第5話 失墜
どうしても、消えることのない思い出という物語…
二人の心は、一瞬で交差する目線の奥の奥でリンクすると、深い腹の底から甦った純粋な
「うっ、ううっ…」
こんな時、男という生物は、なんともか弱き者である。形容し難い呻き声を上げながら、デペカニスはこの場を逃げるように立ち去った。
(あぁ…なぜ…デペカニス…)
「ねぇ、フラエ?どうしたの?ねぇ?続きは?」
「あっ、は、はいエルマル様、少々お待ちください。わたくし、どうも今日はひどく胸が高鳴っております…お覚悟のほどはよろしいですか?」
こうして、この日、エルマルはいつにも増して、苛められた。
それは、壮絶に絶するほどの仕打ちに次ぐ仕打ち、ひと時の火遊びの範疇をゆうに超えた、地獄の拷問といえる行いであった。

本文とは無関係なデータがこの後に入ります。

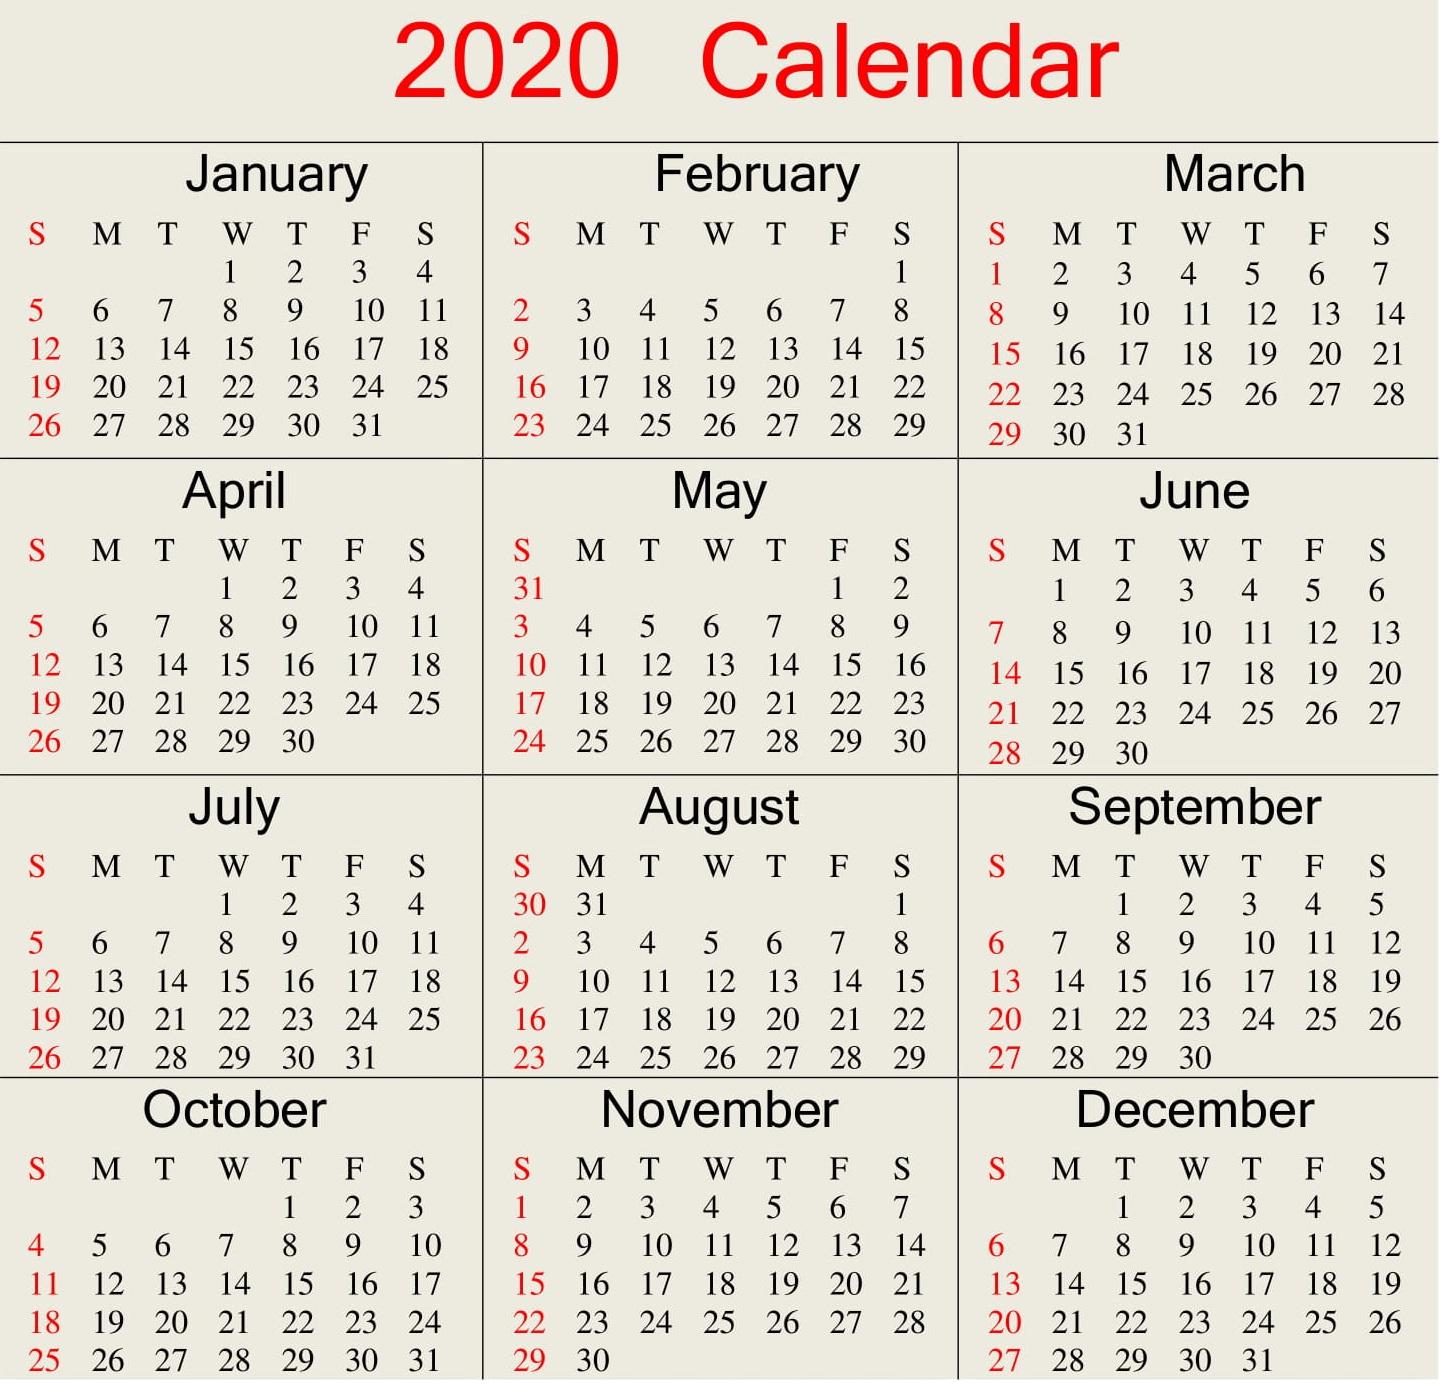 Printable 2020 Calendar Word Document  Latest Printable for Julian Date Calendar For 2020

そのためなのか、この日を最後に、エルマルの喜怒哀楽は喜楽喜楽になり、怒と哀は欠落した。
そのエルマルのポジティブ過ぎる性格に、真面目で優しいウトキは真正面から向き合ったことで、正気を遣いすぎた反動のためか、鬱病を発症した。
王国一の剣士である筈の漢は、見るも無惨な引き篭もり剣士になってしまったのである。
こうなると、ラマゴスの政治や治安が不安定になるのが目に見えていた。
そして、この状況を待っていたかの如く、@マカちゃんのBL魔導書がラマゴスの街中にばら撒かれたのである。
想像以上に常軌を逸していた…
その見るに耐えない光景は、語り継がれるべくして起こった聖なる性の大革命、乱痴気騒ぎで応える女共の驚嘆と失望が混合されし人工的不自然な副産物、といえばそう言えるのかもしれない…
ここに、この時の状況を嘆いた、ラマゴス国王『トイフ・ラマゴス14世』の有名な言葉が残っている。
「嗚呼、ラマゴスよ、いったいどこへ向かうのだ…」
トイフは、不落の王都の惨状を嘆いたのであった。